The public sees it. The protests erupting across the country—from Minneapolis to New York, Chicago to Los Angeles—are not fringe movements. They are mass expressions of moral revulsion. People are demanding accountability, transparency, and restraint. What they are getting instead is denial. The Department of Homeland Security continues to defend the indefensible, clinging to narratives that collapse under the weight of video evidence. This gaslighting only deepens public rage and confirms what many already believe: ICE operates above the law.
And where are the loud defenders of “law and order”? Where are the Republican lawmakers who sermonize endlessly about constitutional values? Largely silent. Their quiet is not accidental—it is strategic. As long as the victims are immigrants, protesters, or politically inconvenient civilians, brutality is tolerated. This silence is not neutrality. It is consent. It exposes a moral rot at the heart of modern conservative governance: power without responsibility, force without accountability.
Democratic lawmakers, to their credit, have begun to push back. Congressman Shri Thanedar’s Abolish ICE Act recognizes what millions already know—that this agency is structurally broken beyond reform. Congressman Raja Krishnamoorthi’s investigations into ICE raids and detention centers are attempts to shine light where secrecy has thrived. Senator Tammy Duckworth’s amendment threatening real consequences for failure to investigate use-of-force incidents is a rare example of urgency matching the moment.
State leaders have been forced to step in where federal leadership has failed. Minnesota Governor Tim Walz’s demand that ICE operations cease in his state after a second fatal shooting was not political theater—it was desperation. When federal agents repeatedly kill residents and then stonewall investigations, states are left to protect their people by any means available.

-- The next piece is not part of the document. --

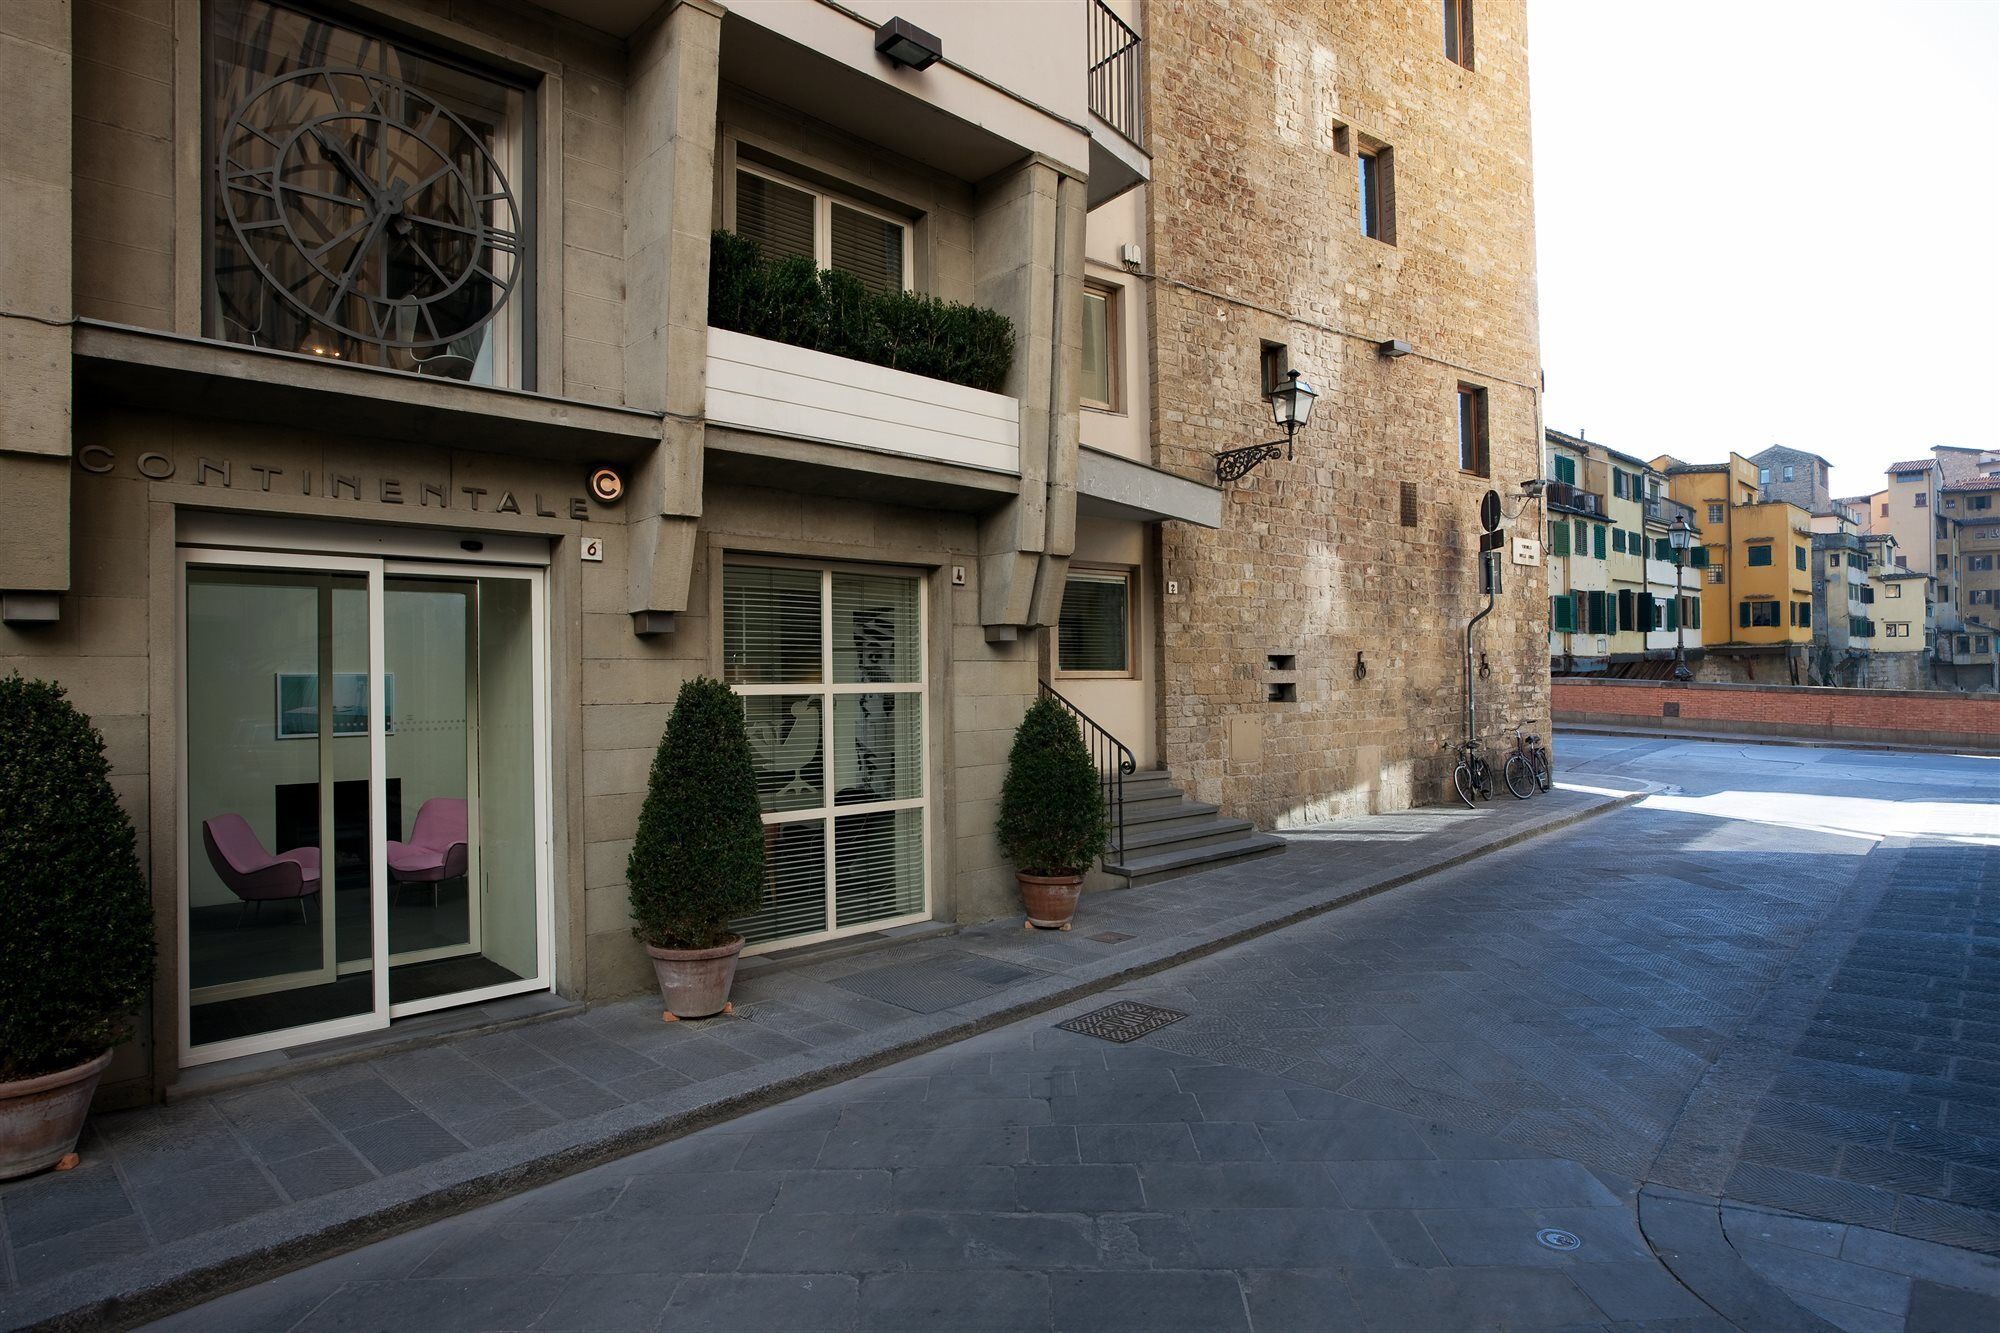 Hotel Continentale - Lungarno Collection Florence Exterior photo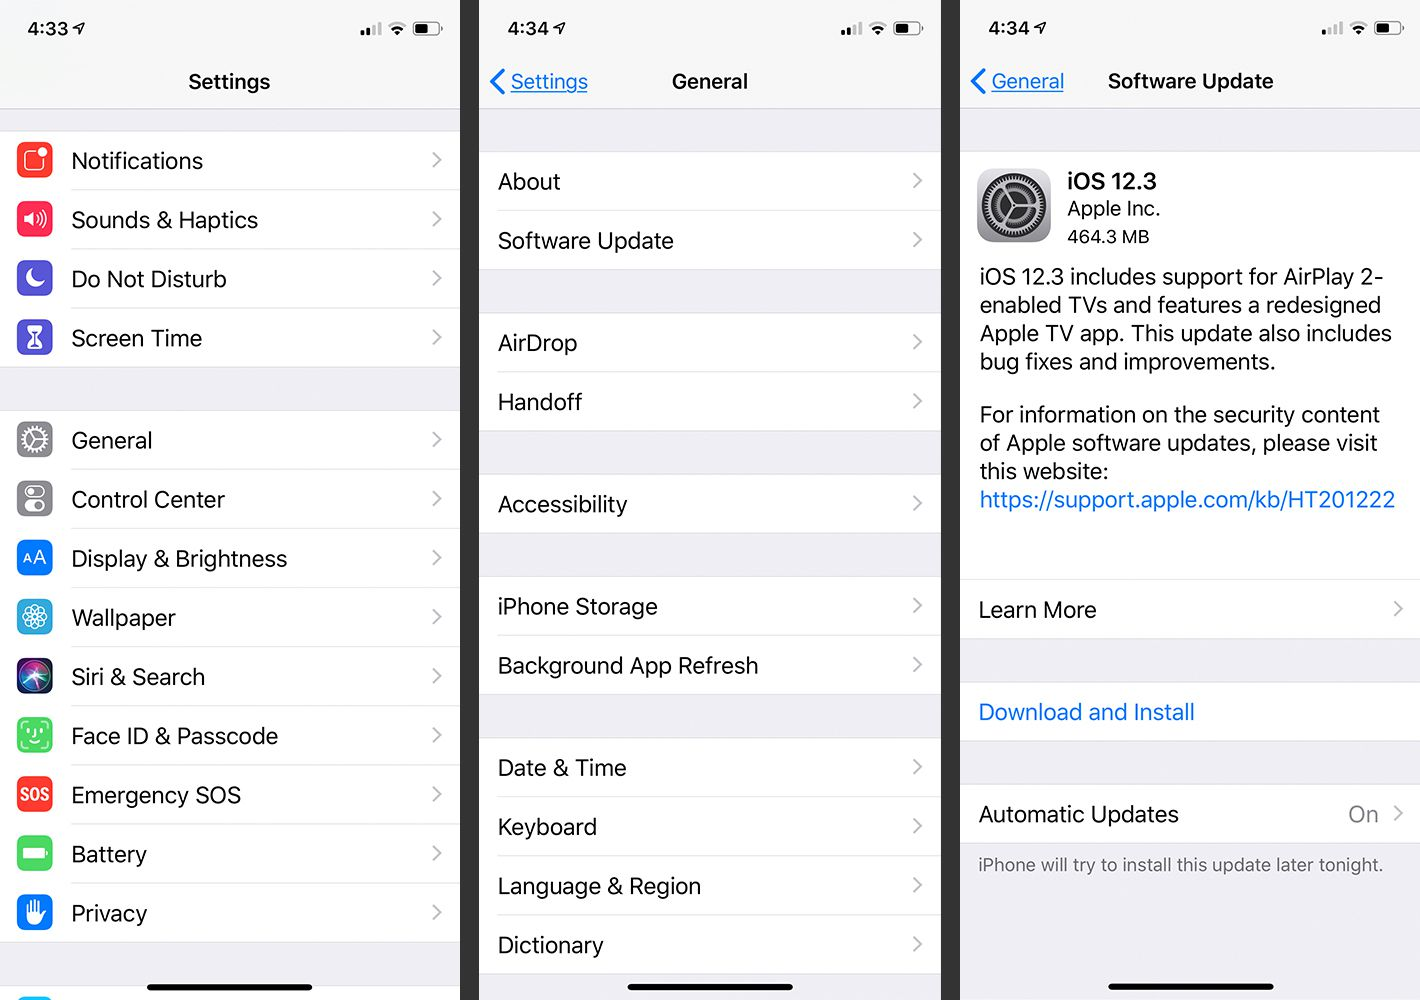 Update iOS System Software

Meanwhile, the Department of Justice and the FBI—institutions meant to safeguard the rule of law—have been accused of sidelining local authorities and centralizing control over investigations in ways that obscure transparency. This is how impunity is maintained: investigate yourself, delay endlessly, release nothing.
The United States cannot credibly lecture the world on human rights while running detention centers that degrade, terrorize, and kill. It cannot condemn authoritarian regimes abroad while tolerating execution-style shootings and child detention at home. This is not leadership. It is hypocrisy at its most grotesque.
Renee Nicole Good and Alex Pretti and 32 people died in ICE custody are not symbols—they were people. They had families, futures, dignity. They deserved to live. If America continues to excuse their deaths, it is not merely failing its ideals—it is abandoning them altogether. The choice is stark: accountability or collapse, reform or repression. History will not be generous to a nation that chose silence over justice.